Pool operations are logged at DEBUG level:

[tts_pool] Pre-warming 3 resources...
[tts_pool] Started background warmup (interval=30.0s)
[tts_pool] Pool ready (warm_size=3, session_awareness=True)
[tts_pool] Acquired DEDICATED resource for session abc12345...
[tts_pool] Acquired WARM resource
[tts_pool] Acquired COLD resource
[tts_pool] Released session resource for abc12345...
[tts_pool] Cleaned up 2 stale sessions

Troubleshooting

High Cold Allocation Rate

Symptom: Many COLD allocations, high first-response latency

Causes: 1. warm_pool_size too small for traffic 2. Background warmup disabled or failing 3. Pool exhausted by concurrent requests

Solutions:

# Increase warm pool size
warm_pool_size=5  # or set SPEECH_POOL_WARM_SIZE=5

# Enable background warmup
enable_background_warmup=True

# Check warmup failures in metrics
status = pool.snapshot()
if status["metrics"]["warmup_failures"] > 0:
    # Check Azure Speech credentials/connectivity
    pass

Session Leaks

Symptom: active_sessions grows continuously, memory usage increases

Causes: 1. Missing release_for_session() calls 2. Session cleanup not triggered on disconnect 3. session_max_age_sec too high

Solutions:

# Ensure cleanup in WebSocket disconnect handlers
async def on_disconnect(session_id: str):
    await tts_pool.release_for_session(session_id)
    await stt_pool.release_for_session(session_id)

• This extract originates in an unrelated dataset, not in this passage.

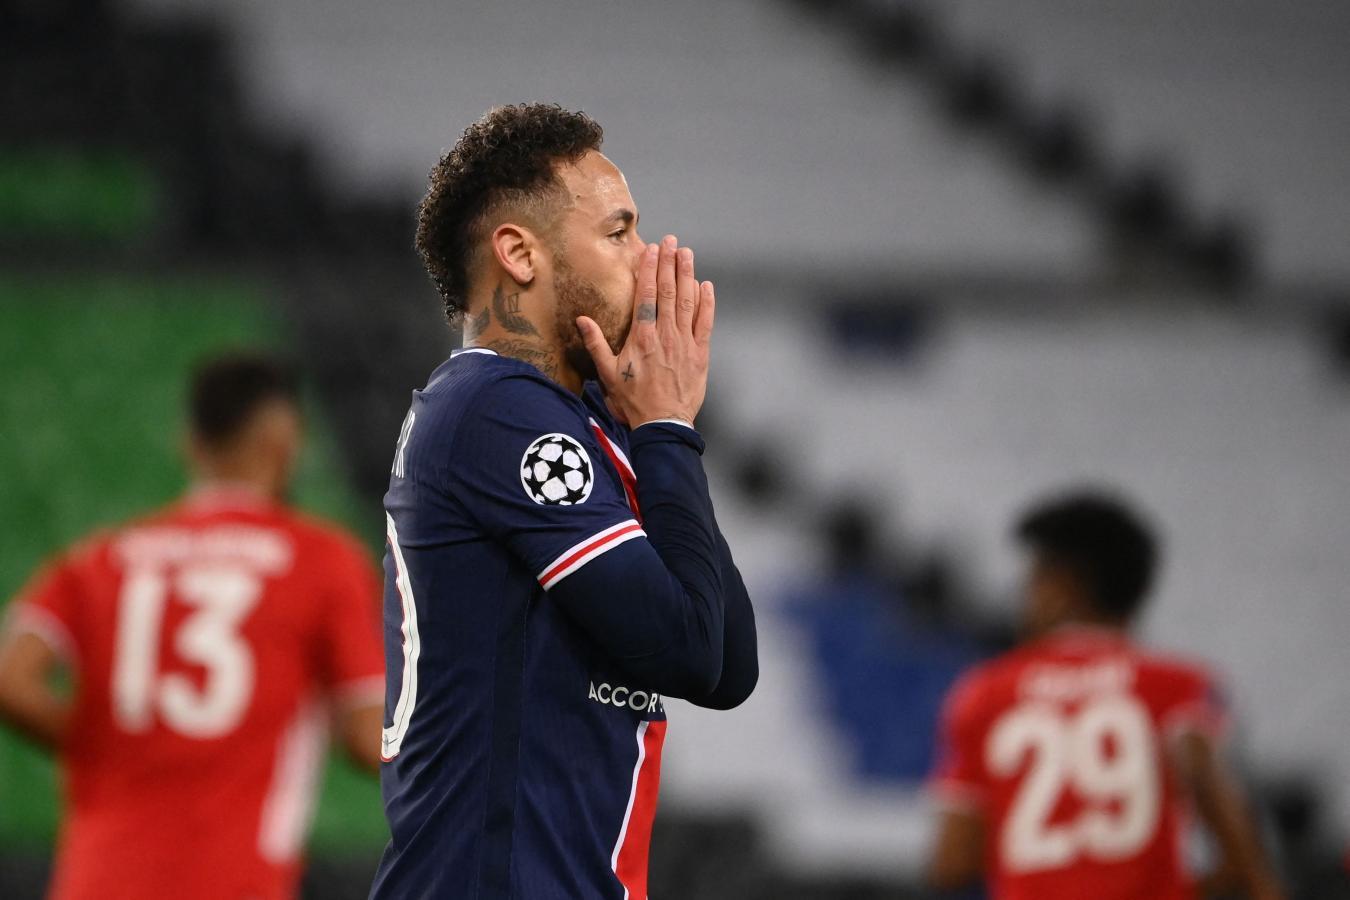 Neymar jugó un partidazo. En el primer tiempo estrelló la pelota contra el poste y el travesaño, y aquí se lamenta por esas ocasiones falladas. Foto: @ChampionsLeague

# Reduce session max age for faster cleanup
session_max_age_sec=600  # 10 minutes instead of 30

Cross-Session State Leakage

Symptom: Wrong call_connection_id in logs, traces show wrong sessions

Causes: 1. clear_session_state() not implemented on resource 2. release() used instead of release_for_session() 3. Resource returned without state cleanup

Solutions:

# Ensure resources implement clear_session_state()
class MySpeechClient:
    def clear_session_state(self) -> None:
        self.call_connection_id = None
        # Clear any other session state

# Use release_for_session() for temp resources
await pool.release_for_session(None, temp_synth)  # Pass None for session_id

Pool Not Ready

Symptom: acquire() hangs or fails immediately

Causes: 1. prepare() not called 2. Factory function failing 3. Pool shutdown already called

Solutions:

# Ensure prepare() is called at startup
await pool.prepare()

# Check pool readiness
if not pool.snapshot()["ready"]:
    logger.error("Pool not ready!")

# Verify factory works
try:
    test_client = await factory()
except Exception as e:
    logger.error(f"Factory failed: {e}")

Best Practices

1. Always Use Session-Aware Methods

# ✅ Good - tracks session, enables caching
synth, tier = await pool.acquire_for_session(session_id)
# ... use synth ...
await pool.release_for_session(session_id)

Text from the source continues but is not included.